I don’t have any resolutions for 2015.
I usually have a couple, a few things I want to focus on or work on. But right now is not the right time for me to make a resolution. If anything, my resolution is to make it through.
2015 is bringing big changes to my life. Again. I can’t tell you how many times my Life has Changed over the last several years. The first big changes was heading off to college from the shelter of my parents’ house. The next, meeting Andreas. Then graduating, getting married, getting a real job, moving to Sweden, moving to Denmark, and having Theo. Every change has been something to look forward to, something I really, really wanted. But since Theo was born, I’ve been home with him, and while I wouldn’t say things have been exactly stale, I haven’t really felt the “on the verge of change” feeling in a while.
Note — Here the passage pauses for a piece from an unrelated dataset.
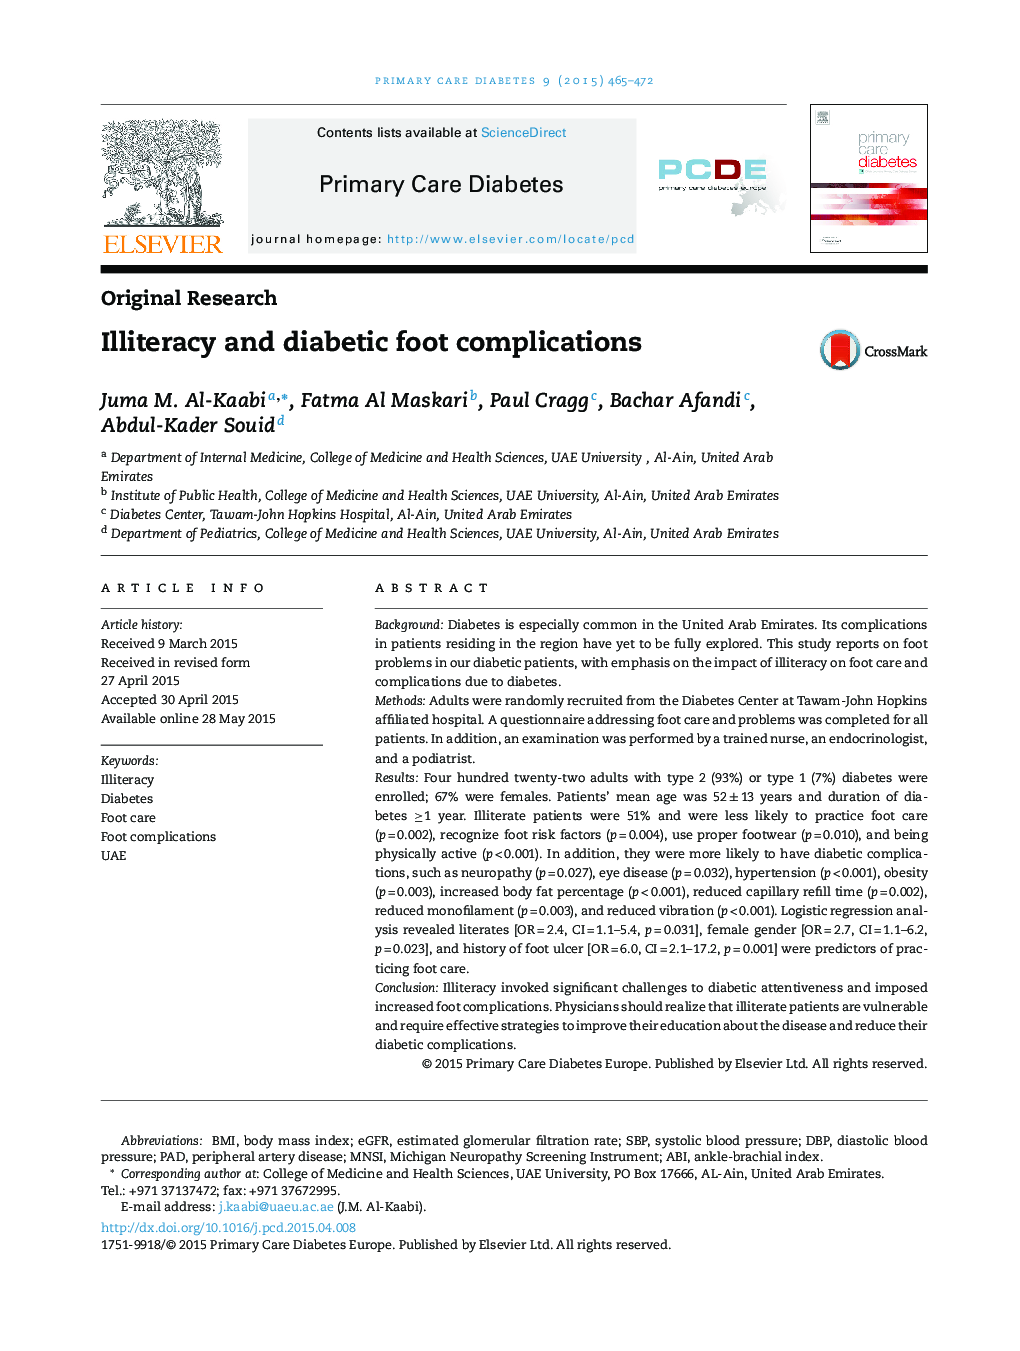 Illiteracy and diabetic foot complications

But it’s back. Theo is starting daycare on Monday, at a nice in-home daycare nearby, and I’m on the job hunt for real. Not that I wasn’t trying before, but now that Theo will be away from home, I’m really feeling the pressure to be employed. But this time, I’m not excited about the change. That glow of anticipation–the something’s-going-to-be-better-now-than-it-was-before feeling is missing. My life is changing now, but this time, I almost don’t want it to.
It’s not that I’m not excited about the prospect of working. I’m actually looking forward to a new job, starting to work in Denmark, possibly really starting a career, etc. It’s also necessary. I need to have been working for a while before we start thinking about a small brother or sister for our Theo, and I’m also hoping it will be another opportunity to meet people and start friendships her ein Denmark.
But at this point, before it all happens, I’m dreading it. I’m mourning the life I’ve had the last year and a half. It’s the end of an era. It’s the end of Theo and me–buddies–together–home–play dates. It’s what’s right, and what we need to do, but it’s just not something I’m excited about.
I know it’s a bit silly, but part of me feels like this also marks the end of the upswing of my life. Everything up until now has just been getting better and better (with the exception of middle school), and now maybe it won’t be like that anymore. Or maybe I’m just trying to find bigger reasons to be this sad, than just that I don’t get to spend every one of Theo’s waking moments with him. But in all honesty, that’s totally reason enough to be this sad.
But anyway, onto hopes!
Instead of resolutions, I’m having hopes for 2015. I already know that I’m going to work as hard as I can towards the things that I want, so I’m going to put my hoping efforts into it too. I hope I’ll get a job–one that I’m thankful for, and enjoy. I hope Theo will do well in daycare. I hope we make a trip to the US so I can see my family. I hope to build some new friendships, but more importantly, keep up the ones I already have.
Andreas and I were talking just before bed yesterday, sort of realizing together how different our entire life might look next year at this time. And while it’s scary right now, while I’m on the verge of everything, thinking about the new changes gradually becoming our daily life makes me just a little calmer.